One way to encourage PA and enhance health is to change the physical environment, but research on intervention efficacy is mixed [92-94]. Theoretical perspectives and conceptual problems are used in evaluative studies, and related literature can contribute to these inconsistencies [92-94]. Environmental and policy initiatives are socially incorporated into the framework and function through it. Therefore, a philosophical viewpoint must be considered and should be understood by evaluators. Future research should aim to explain how interventions function across disciplinary fields by considering these structures, the context in which interventions occur, and the measurable and unmeasurable mechanisms that might work [92-94,98]. It can be beneficial to promote health-based actions, such as PA, by using innovative and interactive media-based health education [92-94,98,134]. Therefore, to successfully influence behavior, it is essential to establish user-based techniques and reinforce the theories and hypotheses of behavioral change based on digital media. Step-count tracking [87] leads to improvements in short- and long-term step counts. There is no proof that either wearable sensors or smartphone apps, or extra counseling or incentives have additional benefits over more straightforward approaches focused on the pedometer [63,64]. To overcome the public health issue associated with physical inactivity, basic step-count tracking strategies should be prioritized. In general, it is not clear how self-reported sedentary behavior (eg, questionnaires, logs, and momentary ecological evaluations) compares with system measurement measures (eg, accelerometers and inclinometers) [63,64]. Evidence from this study indicates that when compared with system tests, single-item self-report measures typically underestimate sedentary time [63,64]. Therefore, to evaluate the reliability and validity of different self-report measures for evaluating sedentary activity, studies should exercise caution when comparing associations between various self-report and system measures with health performance.

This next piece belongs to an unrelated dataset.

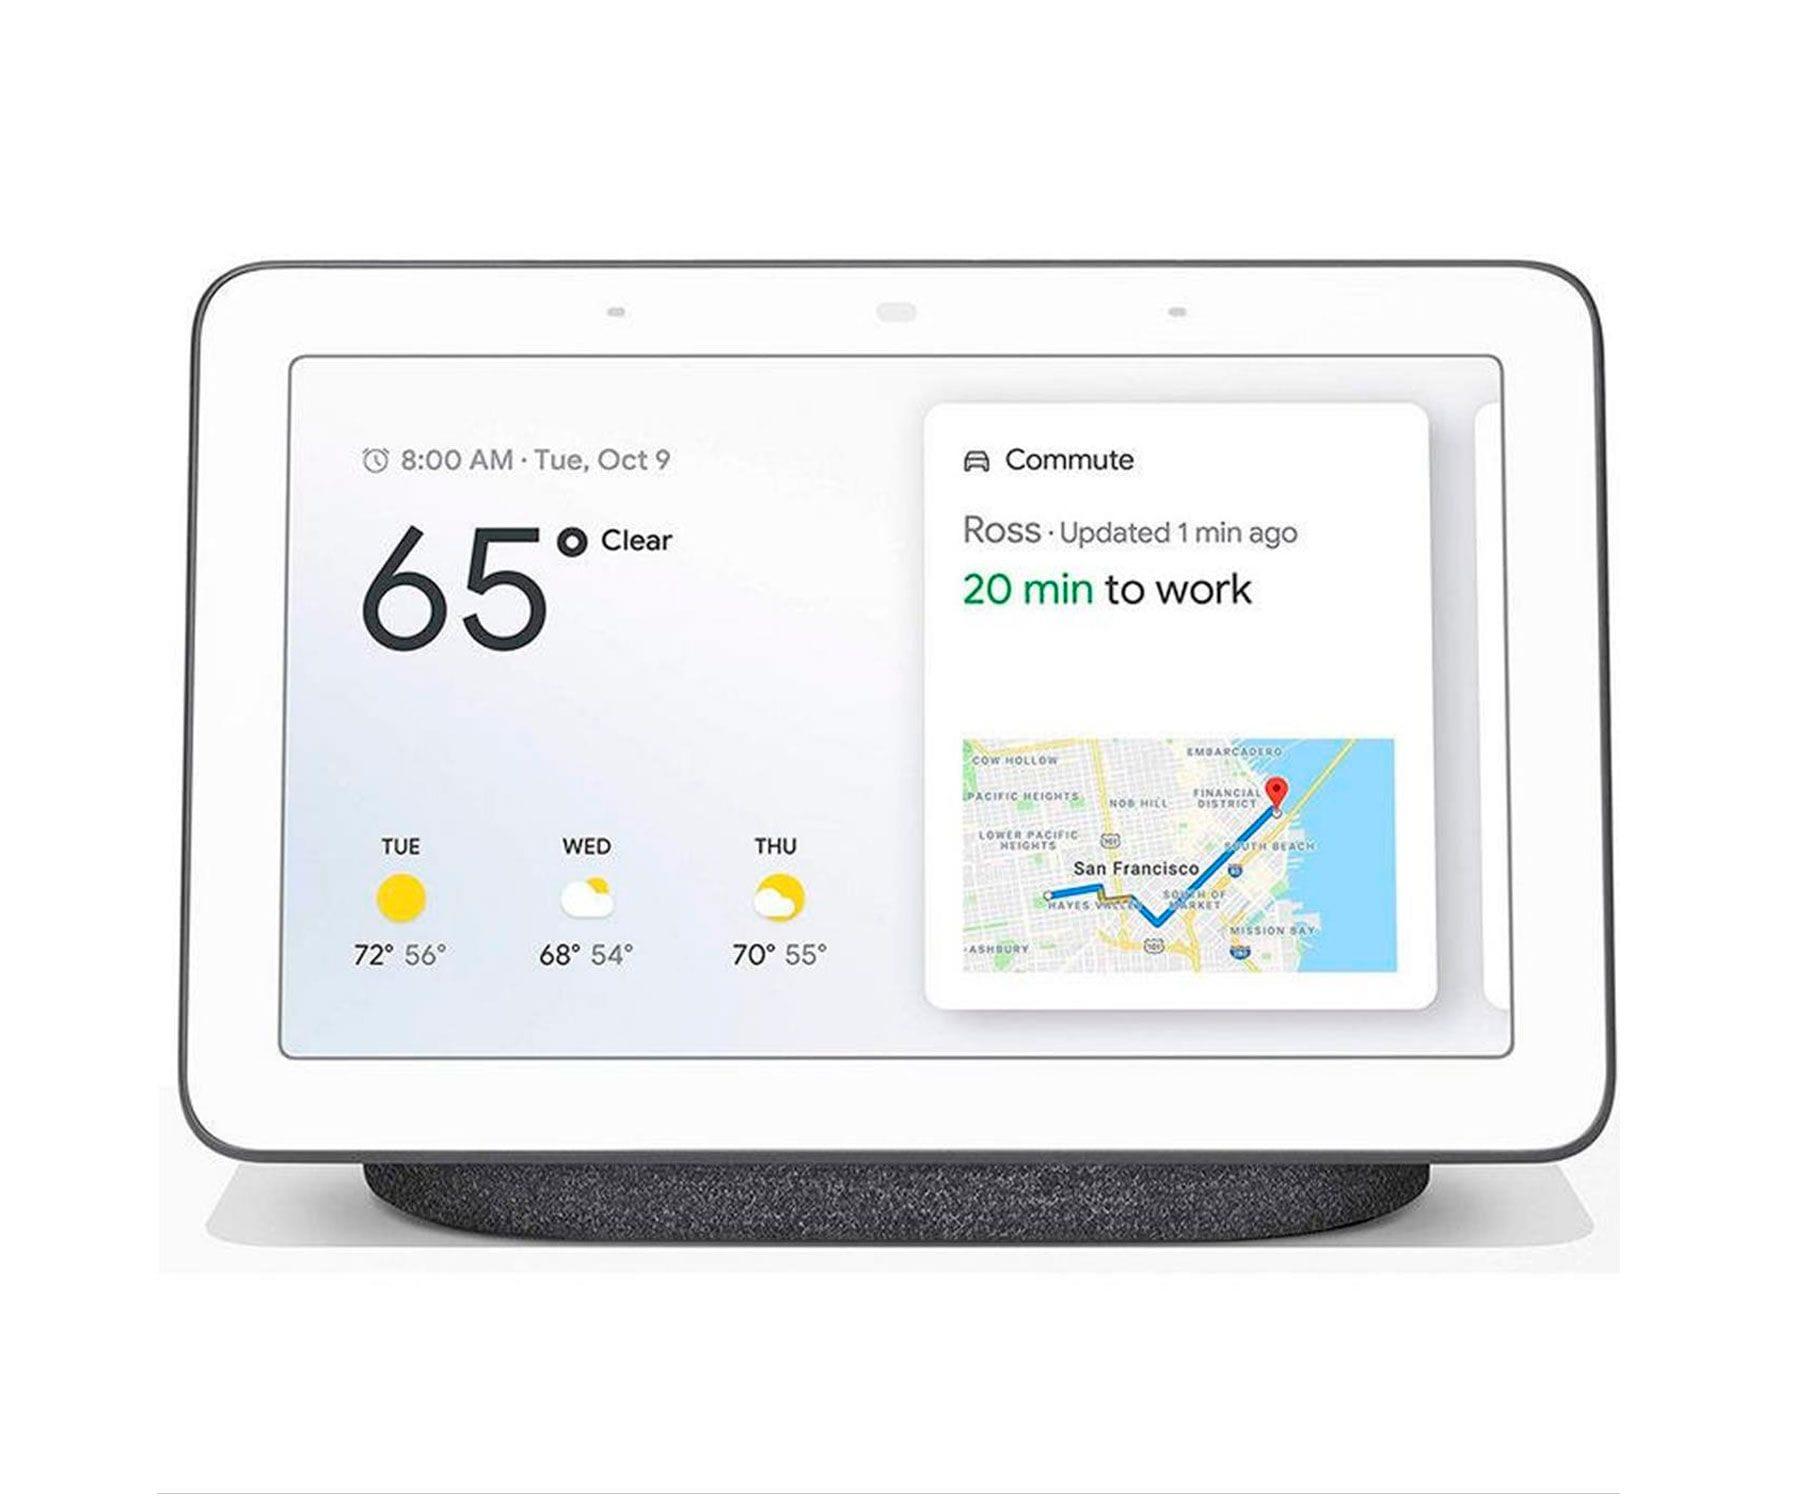 Google Nest Hub 2nd gen carbón (negro)/Pantalla táctil 7'' con altavoz Wifi/Asistente Google/Control de sueño*

In addition, video and adapting technologies have been effective in diet change measures; however, these methods have never been combined with researching personalized video efficacy [81]. Theory-based mobile interventions could provide a low-cost, scalable, and efficient approach to improving dietary habits and preventing associated chronic diseases. To encourage a healthy dietary pattern, nutrition messages or nutrient labeling, offering healthier choices, and portion size management of unhealthy foods have been potentially effective strategies in tertiary education environments [75]. The reduction in rates and the increased availability of nutritious choices in conjunction with nutrition knowledge have contributed to changes in dietary habits [75]. Further studies comparing the long-term efficacy of the climate and the combination of environmental policies to improve health outcomes are warranted. Dietary consumption has increased by increasing the availability of nutritious foods and reducing the portion size of unhealthy foods. In terms of modifying overall dietary patterns, the existing evidence base is misleading, as rising intake of desirable food groups was more effective than reducing unfavorable food habits, and fruit or vegetable intake and sugar-sweetened beverage consumption are the most notable observed changes [75,79]. Social support, followed by a demonstration of conduct, self-monitoring, goal setting, and feedback, is the most popular digital health behavior intervention [55,67,85,96]. In addition, a customized Facebook-based obesity prevention program for teenagers in Korea (Healthy Teens) [76] revealed usability problems in terms of material, appearance, and navigation. Facebook [76,96] has tremendous potential in promoting communication and engagement with immigrant teens, considering its prominence among adolescents. Interventions focused on social media (eg, Facebook) [66,96] are productive in facilitating meaningful improvements in adolescent eating habits. However, more research is required to explore effectiveness variations based on component tailoring, best use stimuli to promote behavior change over time, and keep people involved in changing physical health behavior. The first step is to dismantle digital triggers into their parts and reassemble them according to their goals for improvement.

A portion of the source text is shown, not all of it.